*Work to complete*: Leave out the pictures and output exactly the lines below from the one with "A-line white skirt" down to the one with "Las 'disco heels'", both of them included.

··· Provided records ···

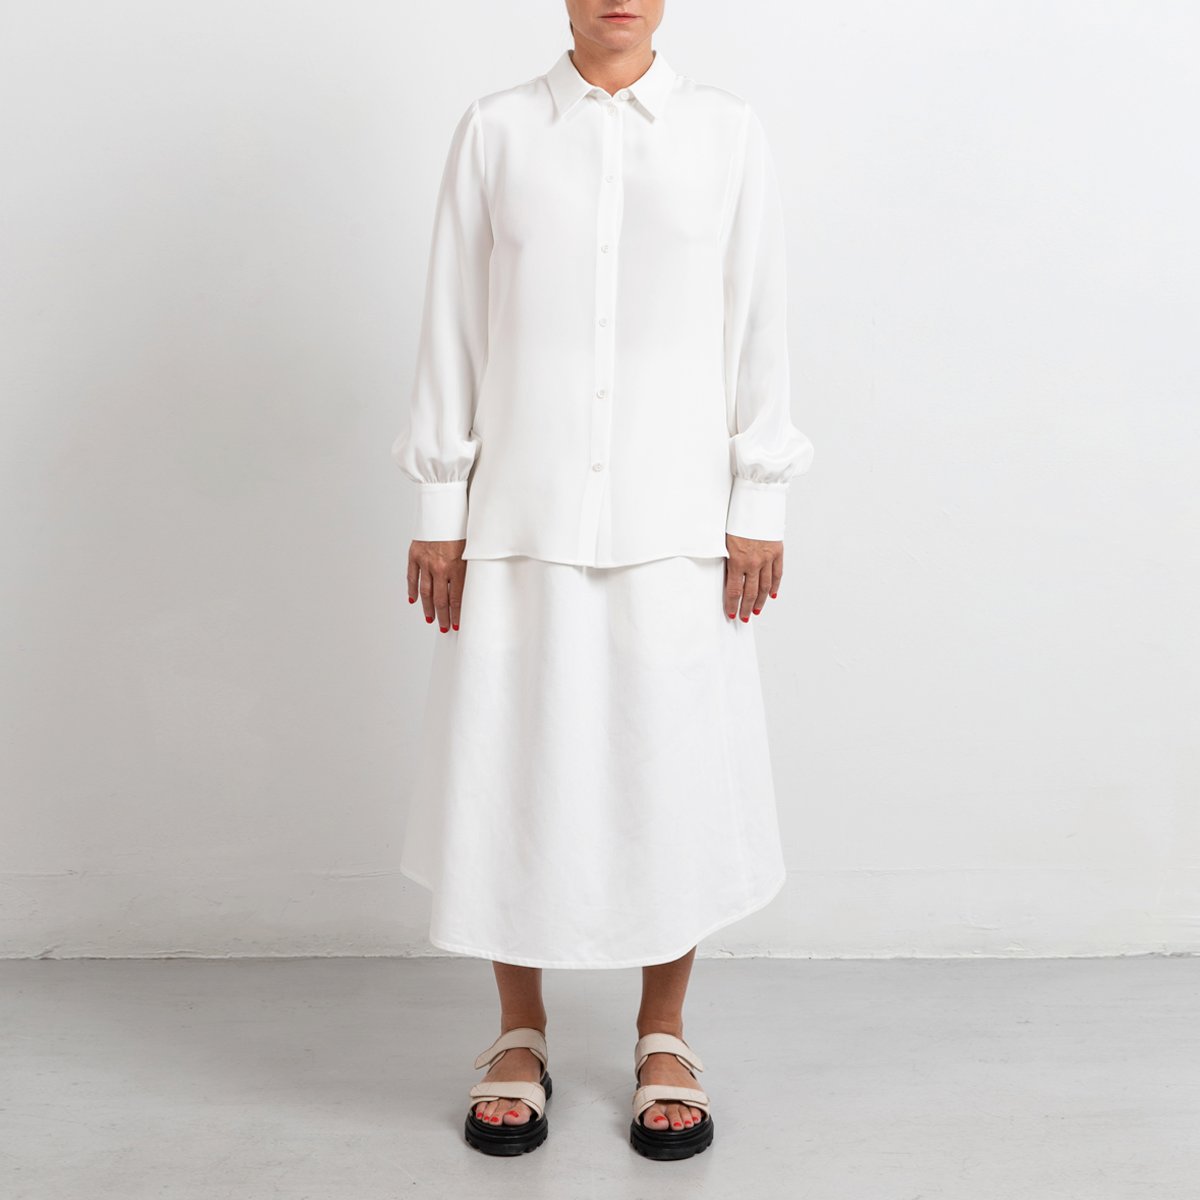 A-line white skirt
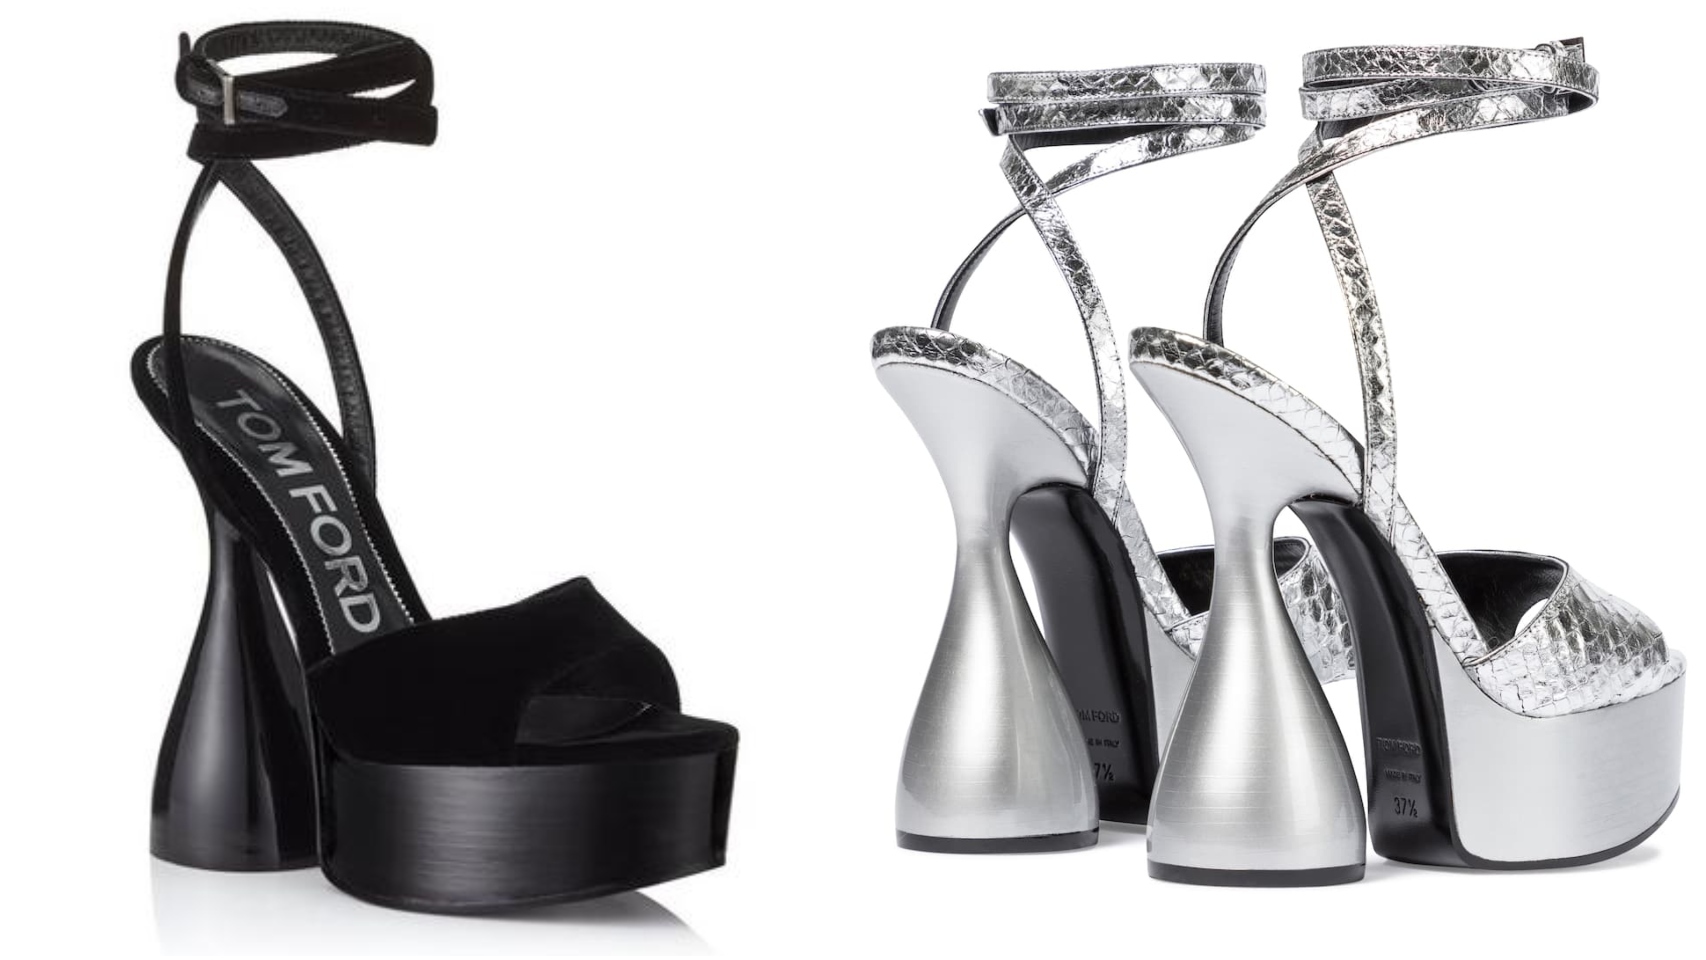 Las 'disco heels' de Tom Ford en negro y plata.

···
··· Provided records ···

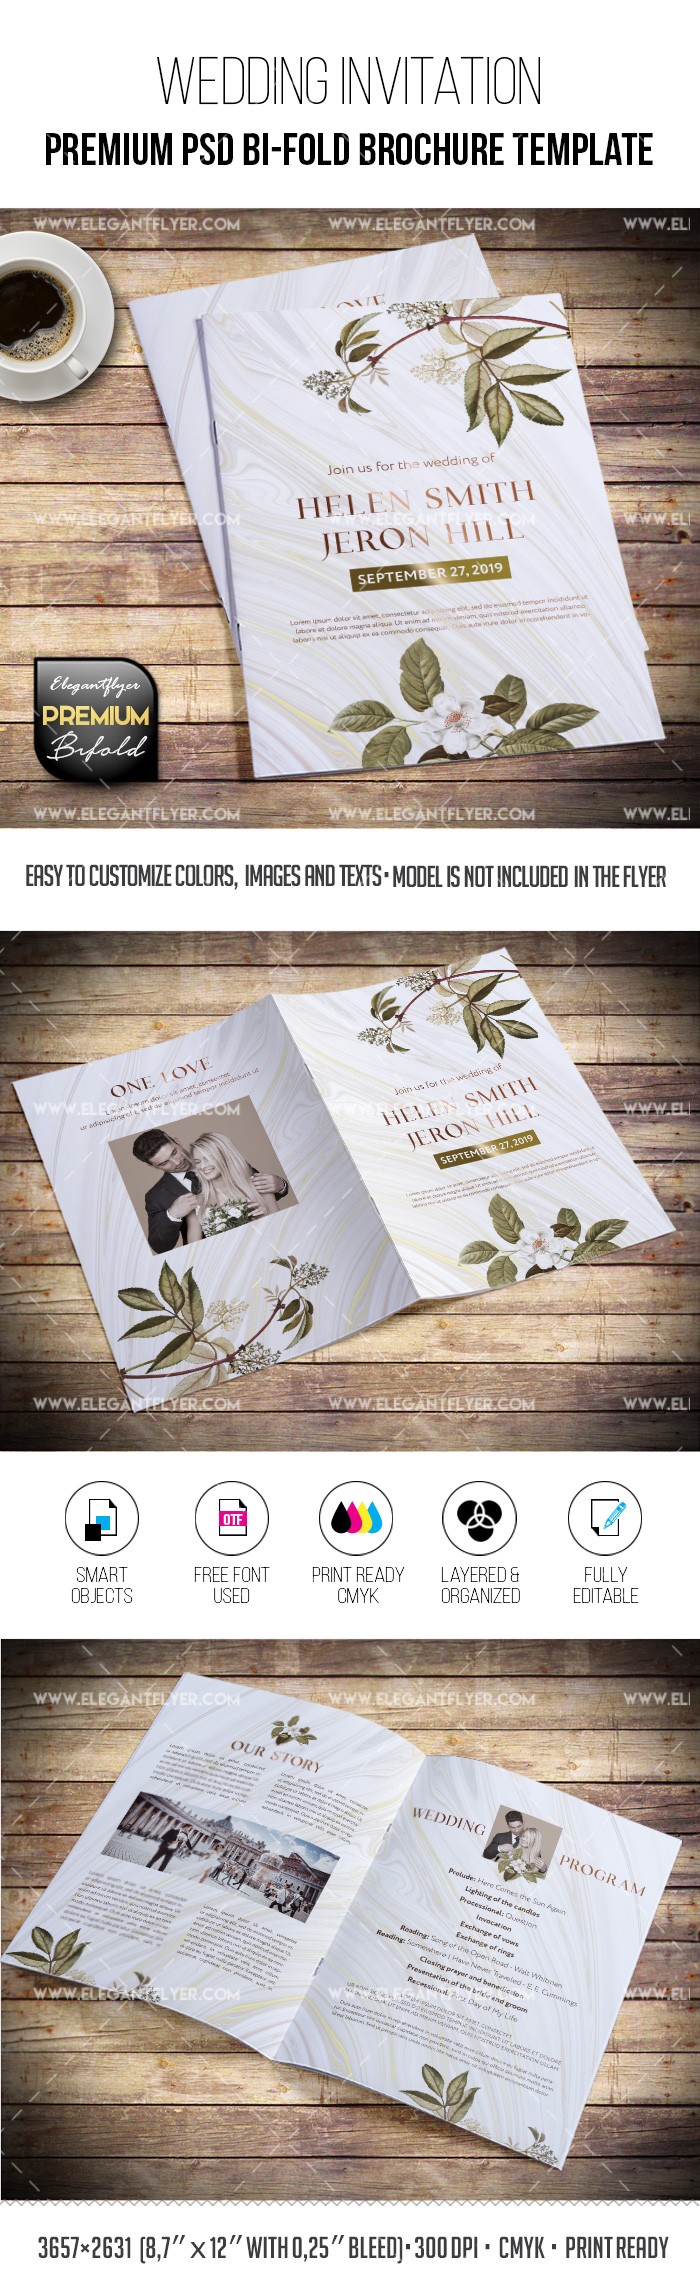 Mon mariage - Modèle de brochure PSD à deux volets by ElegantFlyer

···

*Written reply*:
 A-line white skirt
 Las 'disco heels' de Tom Ford en negro y plata.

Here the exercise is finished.